Using a model that interpreted the source of the deformation as an expanding sphere, the authors suggest that the expansion is due to an influx of 14.1 million cubic meters (498 million cubic feet) of magma into a chamber 4-5 kilometers (2.5-3.1 miles) below the surface. The authors suggest that the ongoing expansion is not necessarily the signal of an impending eruption, adding that the recent swelling represents only a fraction of that which led to the Minoan eruption. However, they warn that even a small eruption could trigger ash dispersion, tsunamis, landslides, or other potentially dangerous activity.

Source: Geophysical Research Letters, doi:10.1029/2012GL051286, 2012 http://dx.doi.org/10.1029/2012GL051286.

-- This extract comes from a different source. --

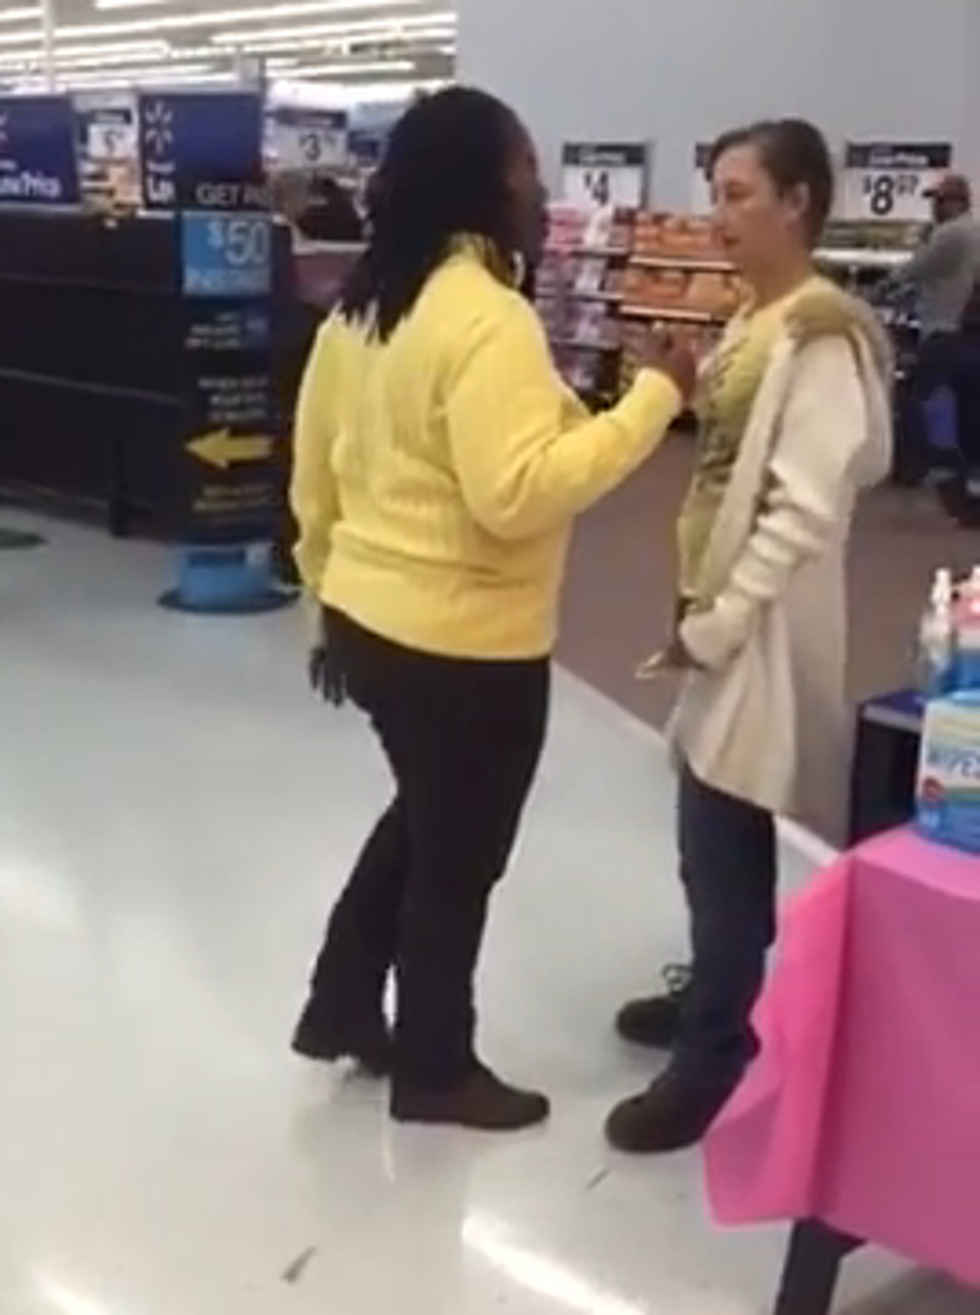 Head Butt, Take Down Caught on Video at Texas Walmart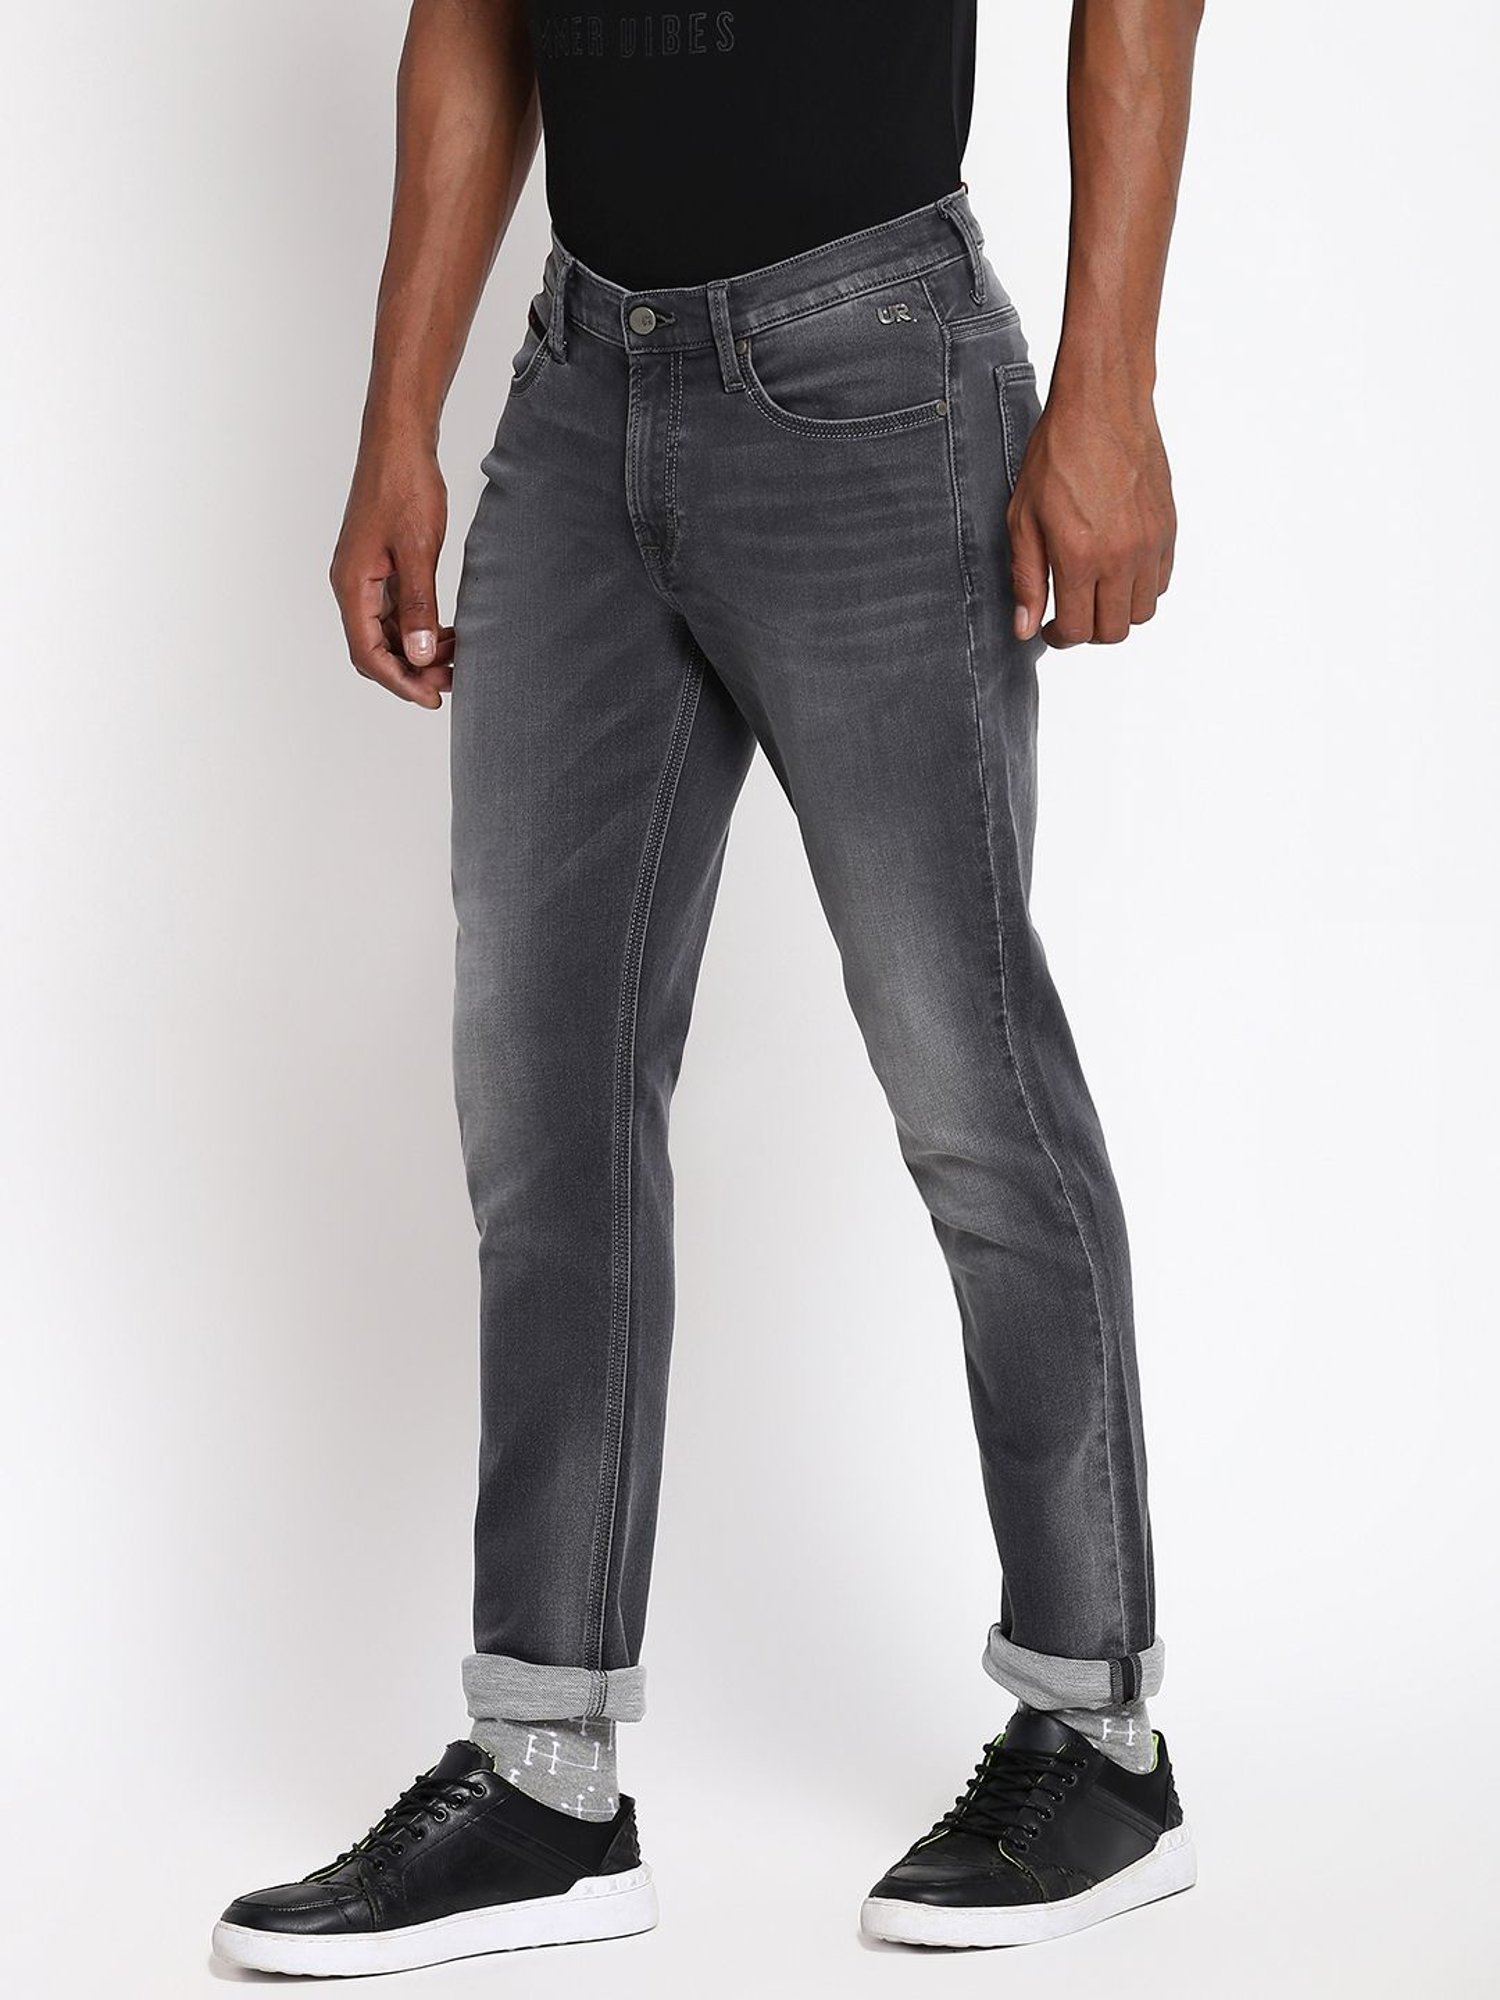 Barrel Leg High Jeans - Dark grey - Ladies | H&M IN

Title: Recent Geodetic Unrest at Santorini Caldera, Greece

Authors: Andrew V. Newman: School of Earth and Atmospheric Sciences, Georgia Institute of Technology, USA;

Stathis Stiros, Fanis Moschas, and Vasso Saltogianni: Department of Civil Engineering, University of Patras, Greece;

Lujia Feng: Nanyang Technological University, Earth Observatory of Singapore, Singapore;

Panos Psimoulis: Institute of Geodesy and Photogrammetry, Switzerland;

Yan Jiang: University of Miami, Rosenstiel School of Marine and Atmospheric Sciences, USA;

Costas Papazachos, Dimitris Panagiotopoulos, Eleni Karagianni, and Domenikos Vamvakaris: Geophysical Laboratory, Aristotle University of Thessaloniki, Greece.

Abstract:

After approximately 60 years of seismic quiescence within Santorini caldera, in January 2011 the volcano reawakened with a significant seismic swarm and rapidly expanding radial deformation. The deformation is imaged by a dense network of 19 survey and 5 continuous GPS stations, showing that as of 21 January 2012, the volcano has extended laterally from a point inside the northern segment of the caldera by about 140 mm and is expanding at 180 mm/yr. A series of spherical source models show the source is not migrating significantly, but remains about 4 km depth and has expanded by 14 million m3 since inflation began. A distributed sill model is also tested, which shows a possible N-S elongation of the volumetric source. While observations of the current deformation sequence are unprecedented at Santorini, it is not certain that an eruption is imminent as other similar calderas have experienced comparable activity without eruption.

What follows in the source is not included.